# First Time Knife Buyer



## ryanism (May 3, 2011)

Well this is my first post.  Kinda exciting..I've been into cooking for a few years. I'm a personal trainer and I cook for my clients as well.  I basically try to come up with healthy, diet friendly dishes..lots of chicken and meat, haha.

So I'm looking to buy my first knife set.  I'd like to purchase from bed bath and beyond, simply because I need them in a hurry and I have a ton of those 20% off coupons.  I can spend about $450 right now on everything.

I don't have a knife block either, so I would need that as well.  I am leaning towards the Wusthof, but there are so many choices it's confusing the heck out of me.

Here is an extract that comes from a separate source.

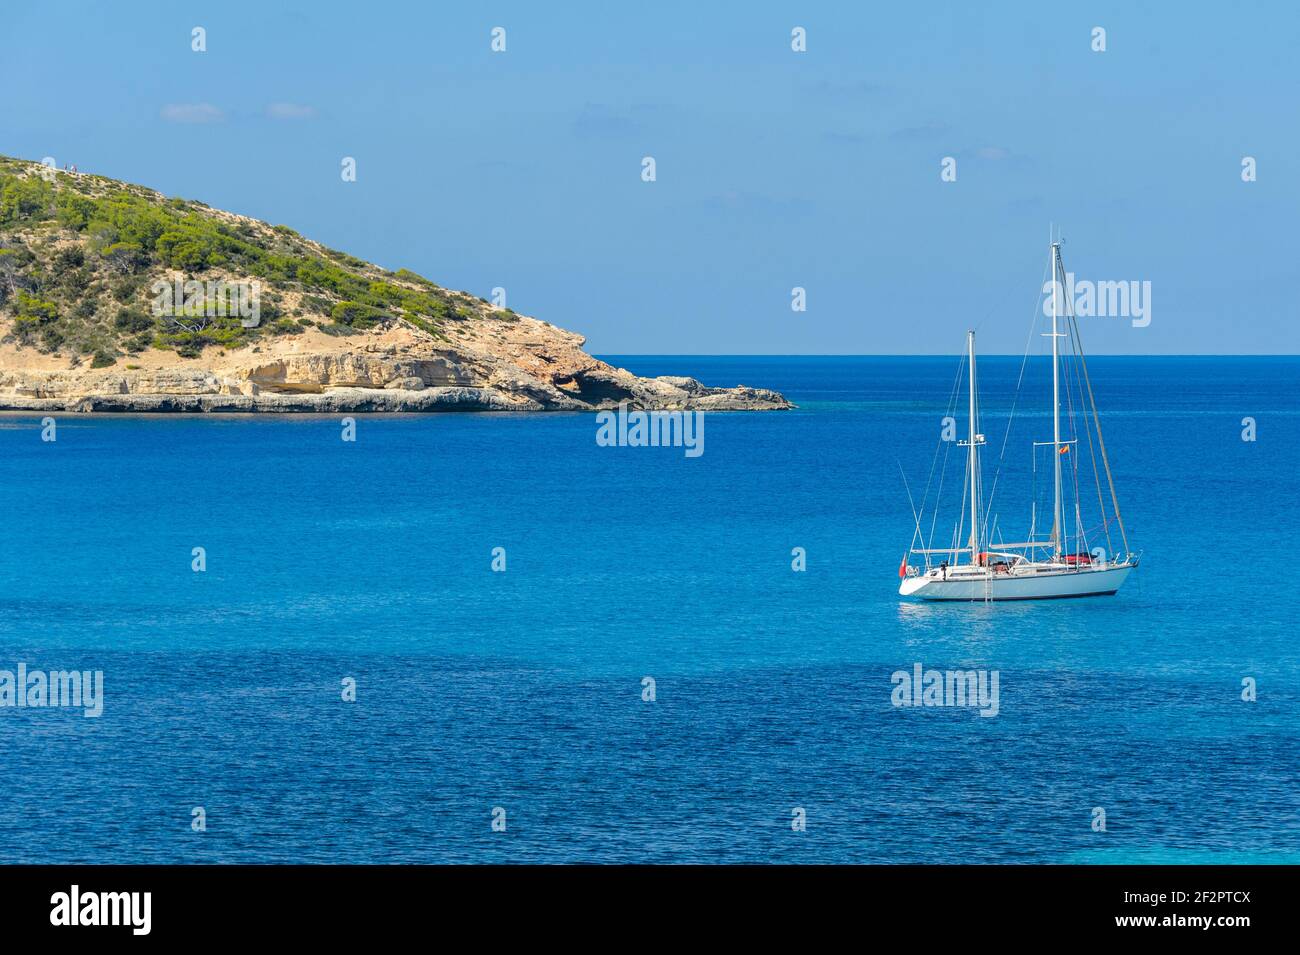 Ibiza, Spain - September 27, 2017: Cala Xarraca beach on the north coast of the island of Ibiza. Crystal clear waters on this almost wild beach, where Stock Photo

Any guidance would be much appreciated


----------



## ryanism (May 3, 2011)

Slight change..I was looking at Cutlery and More and they have a much larger selection.  I noticed the MAC Superior set had a lot in it for a really good price. How does that stand against Wusthof?


----------



## petemccracken (Sep 18, 2008)

Ryanism said:


> Slight change..I was looking at Cutlery and More and they have a much larger selection. I noticed the MAC Superior set had a lot in it for a really good price. How does that stand against Wusthof?


I'd go for the MAC personally. Then again, I LIKE MACs!


----------



## thetincook (Jun 14, 2002)

I like Mundial. My 10 inch chef's knife cost my 20 something US$ at a restaurant supply. In general, I would go for a decent, yet still cheap, stamped blade. Once you figure out the length and style you like, and get a hang of sharpening and steeling, then consider upgrading to a forged blade.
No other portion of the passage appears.